THIS ANTITRUST THING,'' Microsoft chairman Bill Gates allegedly told executives from Intel at a meeting in 1995, ""will blow over.'' Microsoft wasn't changing its business practices at all as a result of the government investigation, Gates continued, according to handwritten notes by an Intel executive--except that it might revise its policy on keeping records of corporate e-mail. That may have been meant as a joke. As of last week the company has never had an e-mail policy, according to a Microsoft spokesman. Thus in its protracted investigation the government was able to get its hands on an estimated 3.3 million Microsoft documents, including mega-bytes of e-mail messages dating from the early 1990s--and is now using them to contradict Gates's own videotaped testimony in the most significant antitrust case of the decade.

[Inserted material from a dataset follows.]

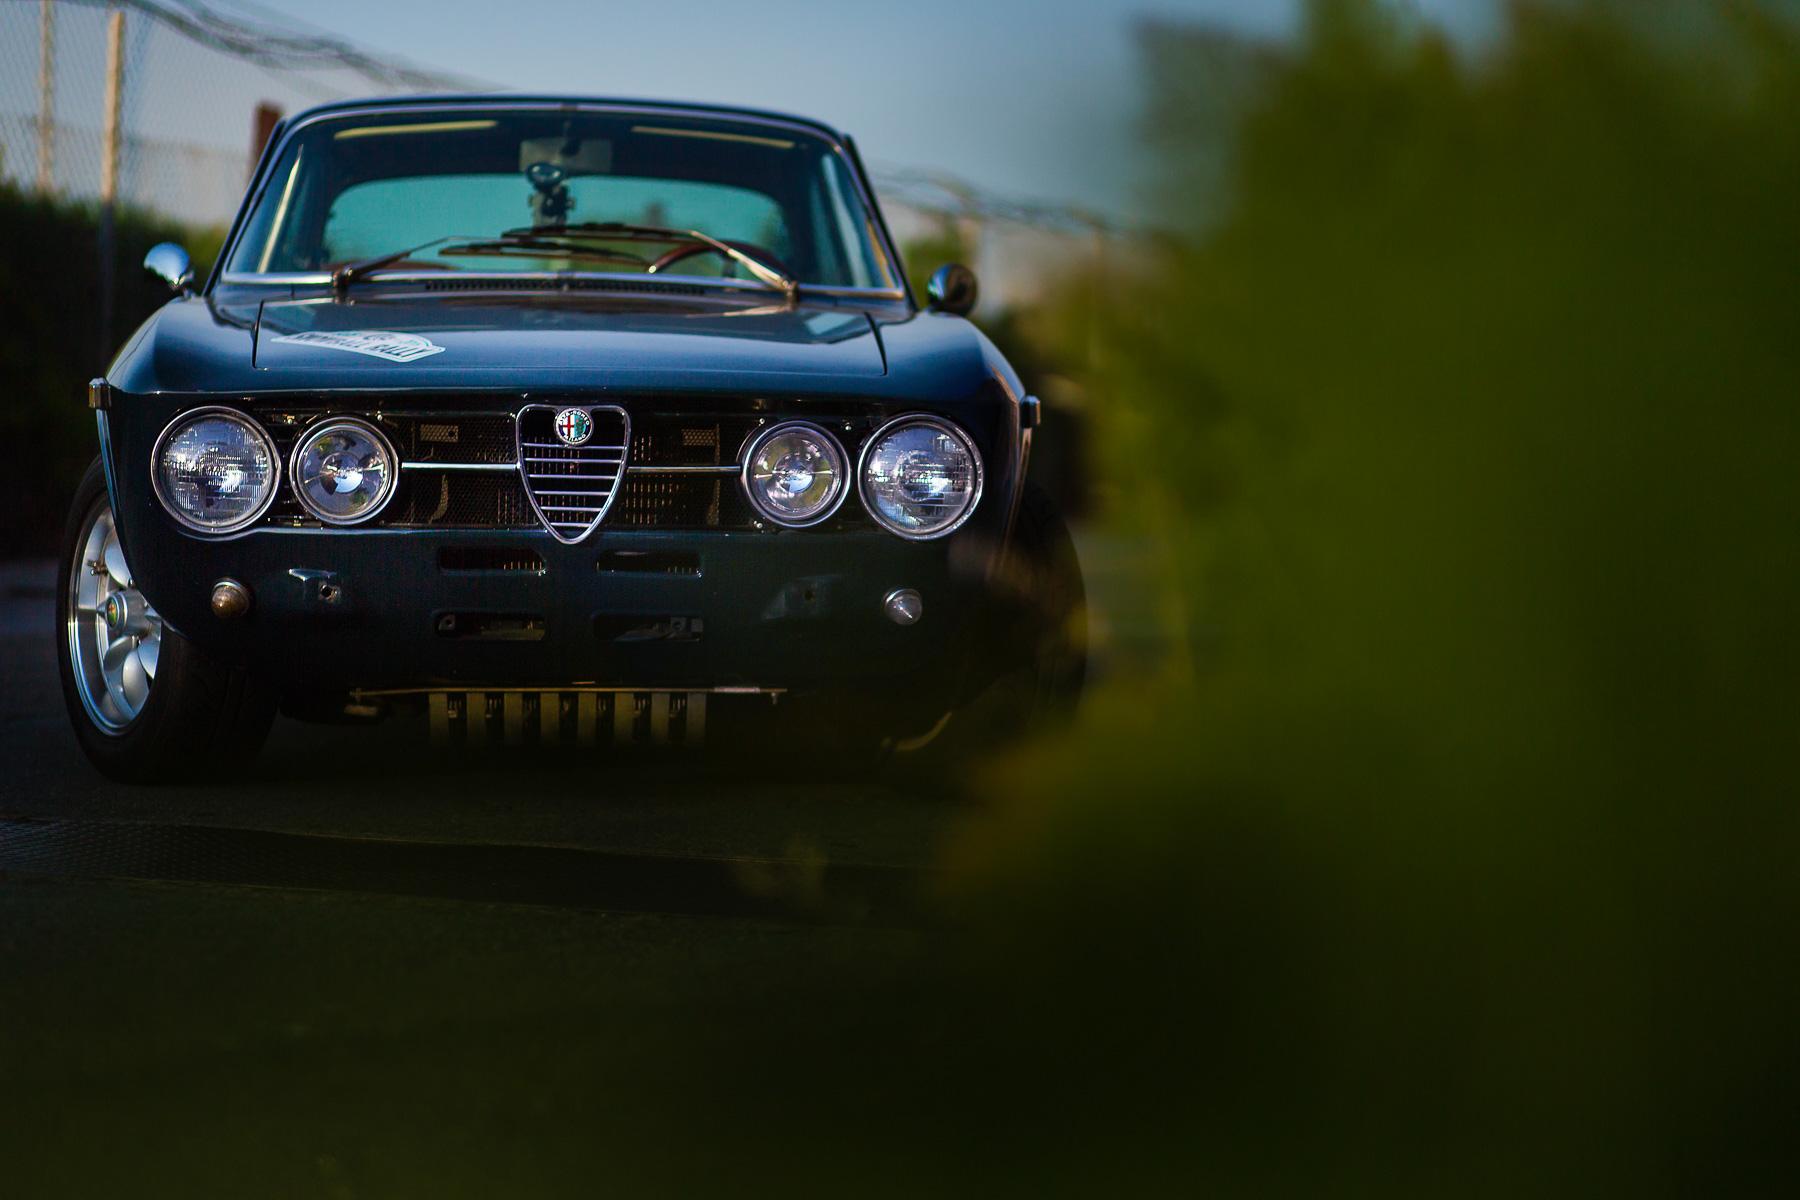 Pier_70_Alfa_Romeo_GTV

From the glass towers of midtown Manhattan to the glass shoe boxes of Silicon Valley rose a muffled murmur of clicks last week, the sound of cubicle dwellers hitting DELETE as they scrolled through years of accumulated electronic correspondence, in search of business plans that smacked of brilliance, as well as illegality; projections of how much the company could save by laying off everyone over 55; dirty jokes; mash notes, and comments about the CEO's bald spot. Those who didn't think of this on their own were encouraged to do so by cybersavvy employers, like Amazon.com, the online book merchant, which this fall instructed workers that all nonessential documents ""should be destroyed when they are no longer current or useful,'' according to a company spokesman. Until now, says Los Angeles attorney Michael Overly, an expert on electronic communications, only around a third of all businesses have had formal policies on the content, handling and archiving of e-mail, and only about a third of those have been actively enforced. But he predicts these numbers will climb sharply, propelled not just by the Microsoft trial but also by Chevron's $2.2 million settlement in 1995 with a group of female employees who took offense at e-mail postings such as the one headed ""25 reasons why beer is better than women.'' For many companies, he says, ""the honeymoon with e-mail is coming to an end.''
Surprisingly, indiscreet e-mail can be even more dangerous than written records and memos. An unfiled note gets deleted in the next day's trash, but in a typical office network almost all e-mail is recorded on the system server (graphic). Messages sent years ago may live on in taped storage, far beyond the reach of a delete key, although not of a subpoena. Lack of space is rarely a problem; Randy Kolb, information services director for the city of Eugene, Ore., estimates that one employee has 180 megabytes of e-mail stored up, equivalent to roughly 180,000 typed sheets of paper. But it would be the work of minutes for a computer to sort it all for lawyers in search of a single incriminating phrase.